China has developed and commissioned a fixed-wing, anti-submarine patrol aircraft, which will significantly boost the Chinese navy's operational capability, experts said.
The navy has updated its fixed-wing anti-submarine patrol aircraft with the Gaoxin-6. Provided to China Daily |
The four-engine Gaoxin-6, which was developed and manufactured by Aviation Industry Corp of China based on the Y-8 transport plane, has been delivered to the Beihai - or North Sea - Fleet of the People's Liberation Army navy, about three years after the type was first revealed in late 2011, according to a recent report in IHS Jane's Defense Weekly, a United Kingdom-based weapon technology publication.
The aircraft can easily be distinguished from other Y-8 variants by its large sea-search radar, mounted below the cockpit, and the magnetic anomaly detector boom that looks like a metal tail.
It is China's first large aircraft specifically designed for anti-submarine warfare, making the country the sixth nation that has the development capability for such a sophisticated plane. The others are the United States, Russia, Japan, the UK and France.

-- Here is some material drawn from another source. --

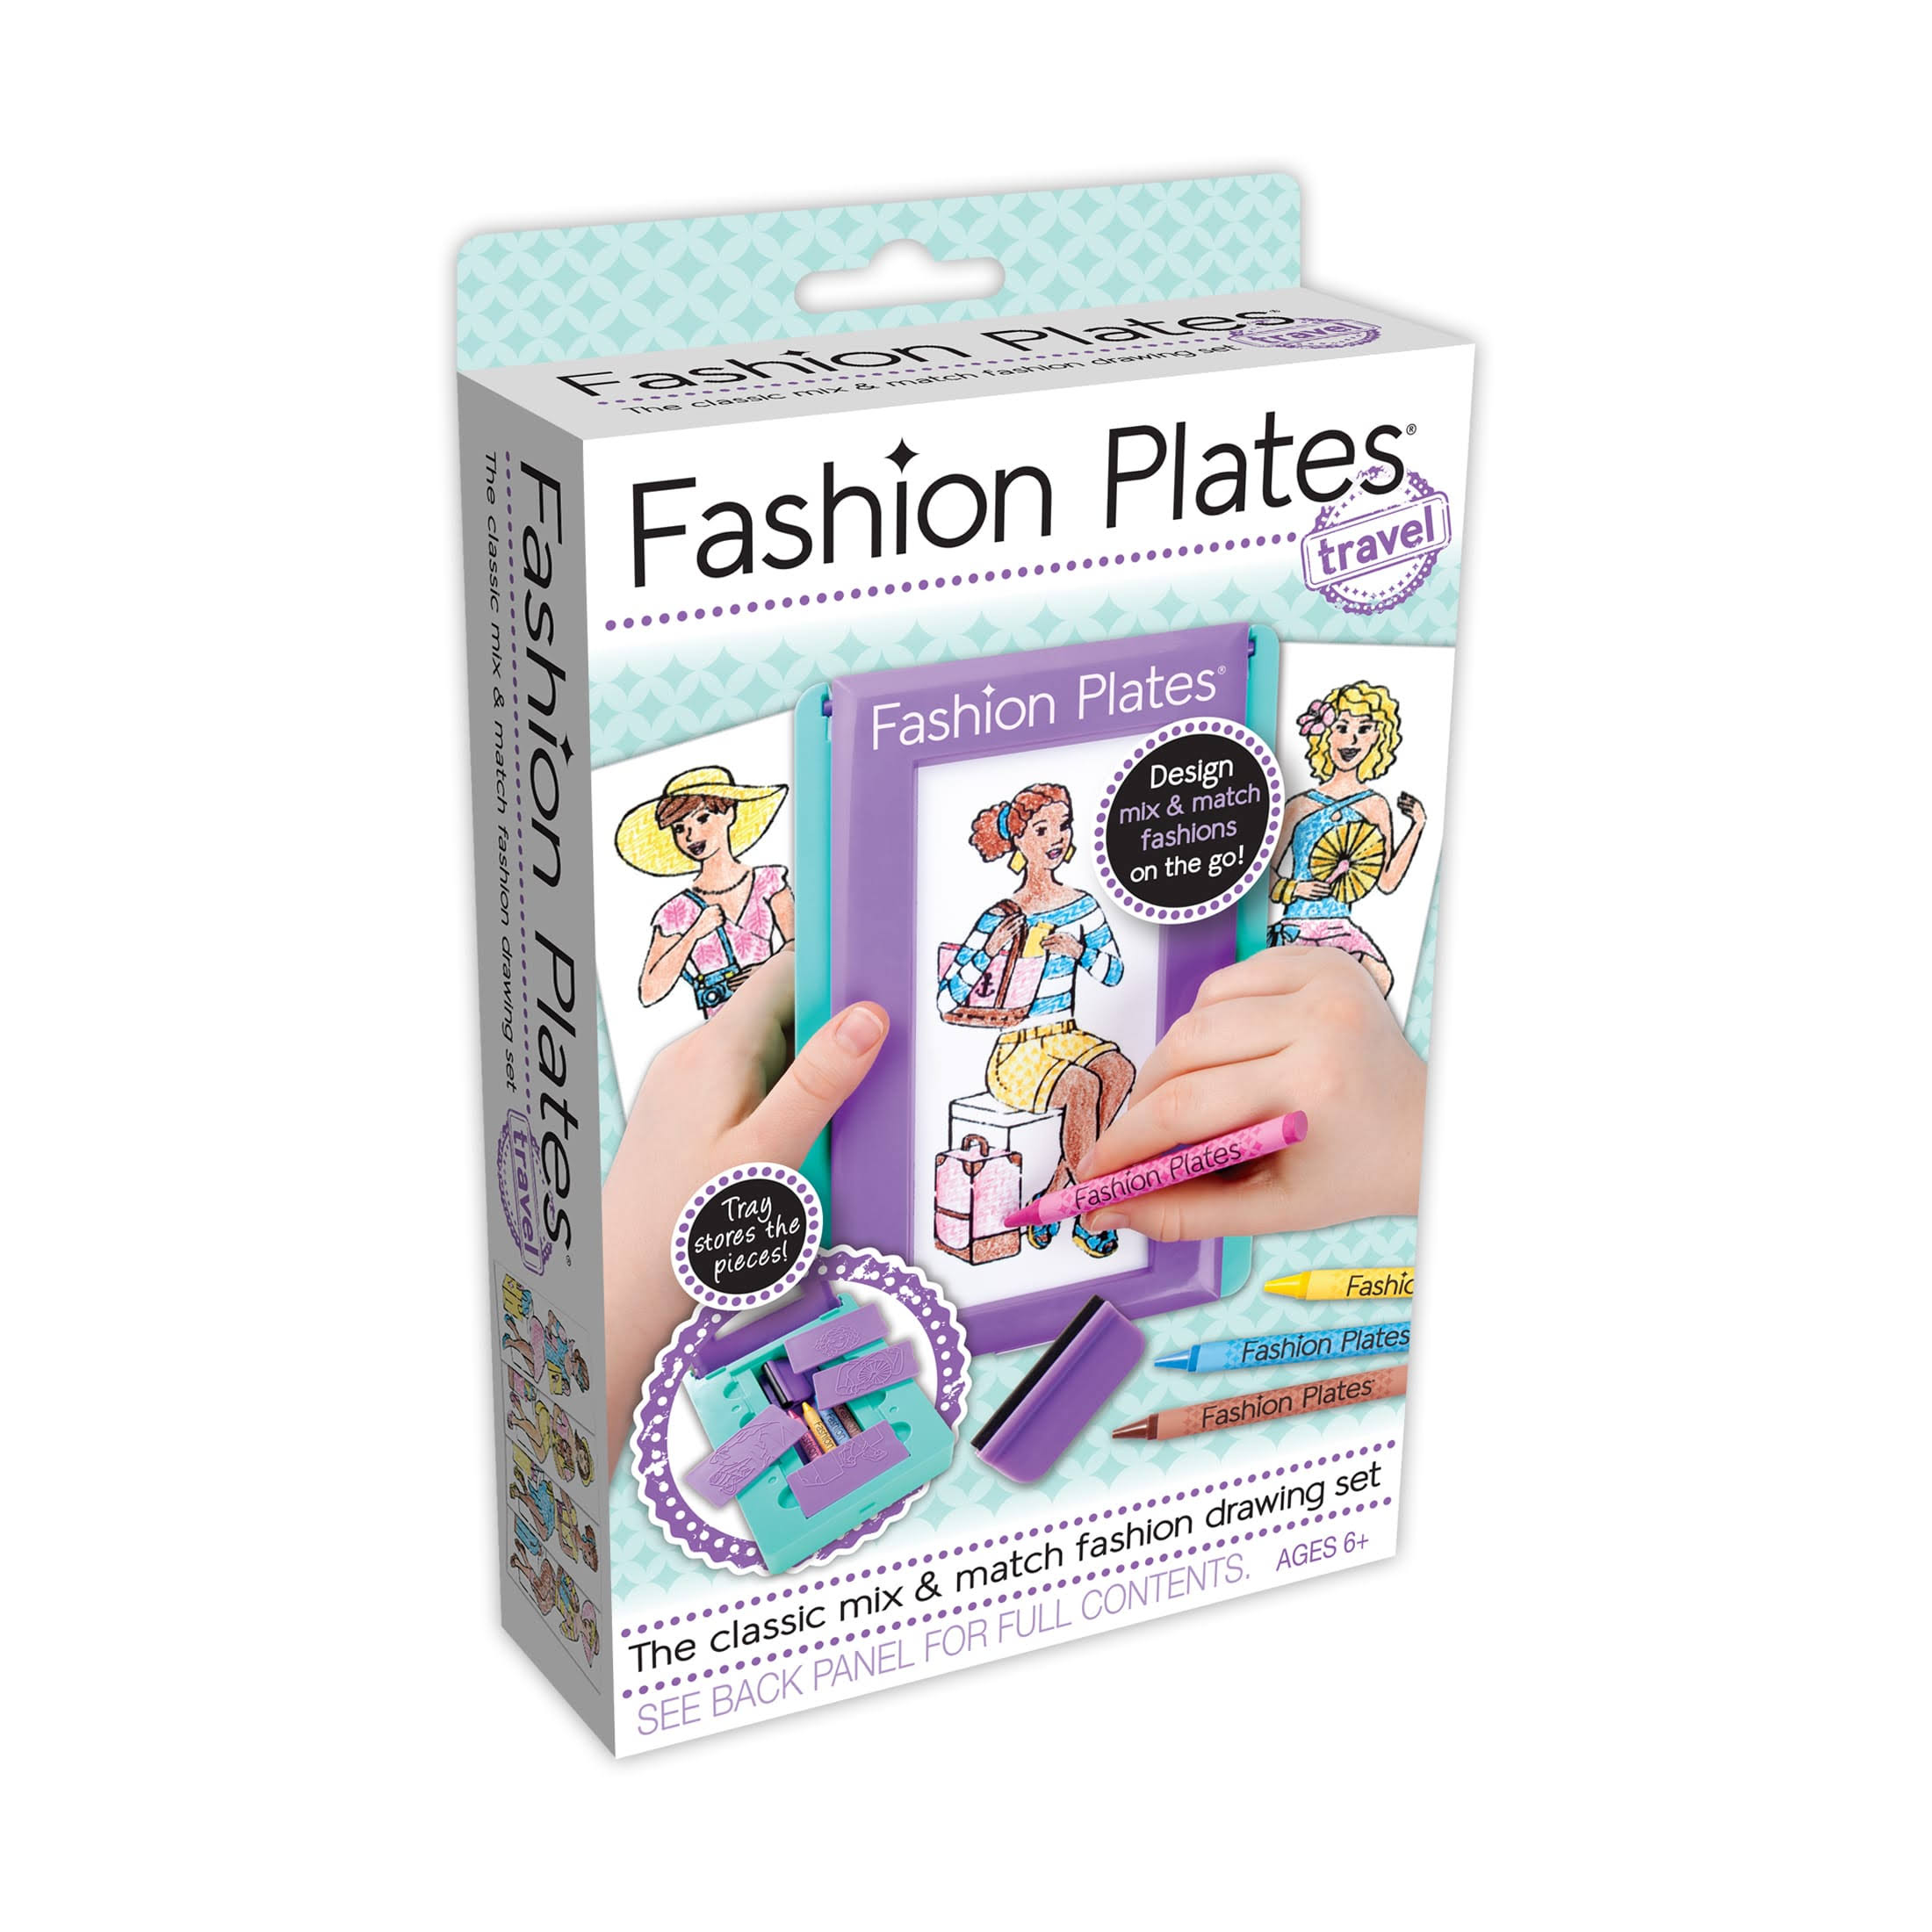 Kahootz Fashion Plates Craft Set - Travel

The most-deployed anti-submarine aircraft is the US' Lockheed P-3C Orion, which often appears in naval confrontations between the US and China. Almost all US allies have P-3Cs as the backbone of their anti-submarine forces.

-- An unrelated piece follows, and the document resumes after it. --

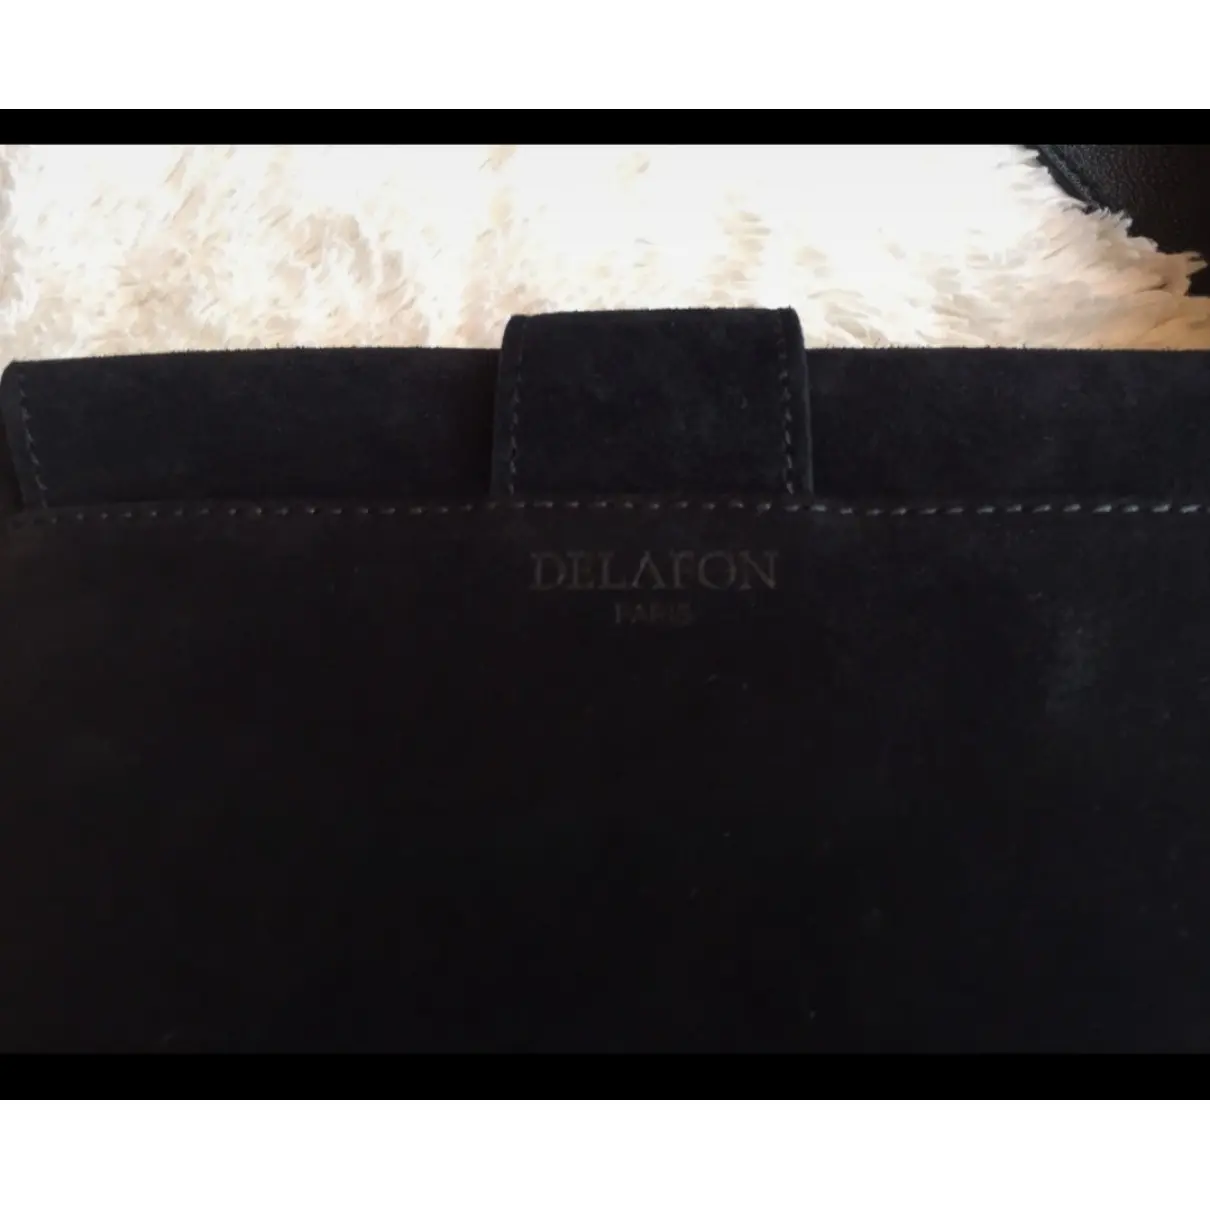 Delphine Delafon Handbag for sale

Earlier reports by Chinese media said the Gaoxin-6, with a crew of up to 10, is capable of flying 6,000 kilometers or staying in the air for more than eight hours.
"Prior to the Gaoxin-6, the PLA navy only had a handful of the antiquated SH-5 maritime patrol amphibious aircraft and some ship-borne helicopters when it needed to deploy air platforms in anti-submarine operations," Wang Ya'nan, deputy editor-in-chief of Aerospace Knowledge magazine, told China Daily.

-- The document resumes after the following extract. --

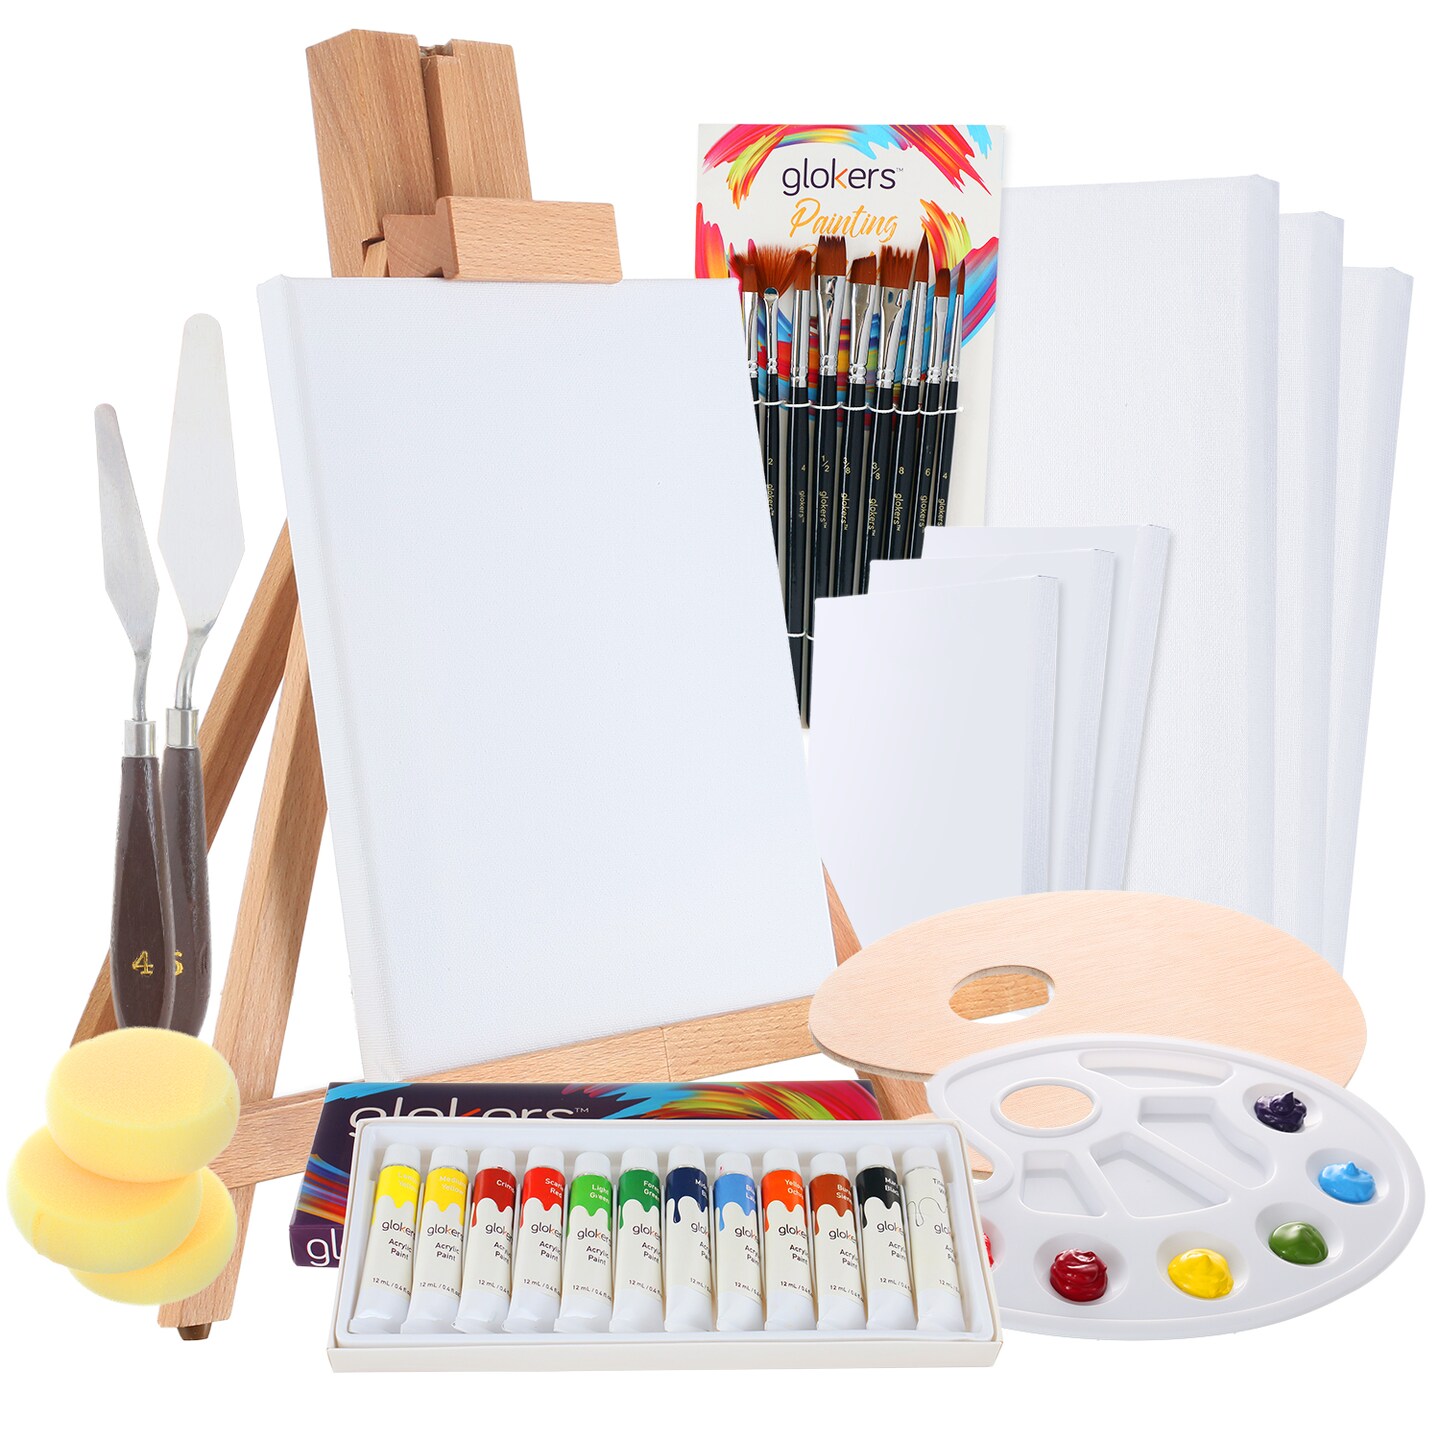 Complete Acrylic Paint Set, 36 Piece Professional Painting Set

"That situation had hugely confined the PLA navy's long-range combat capability because foreign navies' submarines are probably the most dangerous threat to its fleets."
Therefore, the addition of the Gaoxin-6 will extensively enhance the navy's anti-submarine power while facilitating its maritime patrols and reconnaissance, he said.
Yin Zhuo, director of the PLA navy's Expert Consultation Committee, said that the plane's magnetic anomaly detector, radar, sonar and torpedo are as good as those on the P-3C.
"In addition to anti-submarine tasks, the aircraft is able to perform anti-ship missions if it carries anti-ship missiles. It can also guide missiles launched from ships to strike targets," he said.
However, because it is designed based on the old Y-8 transport plane, the aircraft lags behind the US' most advanced Boeing P-8 Poseidon in terms of flight range and operational endurance.
Li Jie, a senior expert at the Naval Military Studies Research Institute, told Hong Kong newspaper South China Morning Post: "Both Japan and South Korea have the world's most advanced submarines in the waters of the Yellow Sea and the East China Sea. That's why the navy decided to deploy the Gaoxin aircraft to the North Sea Fleet first."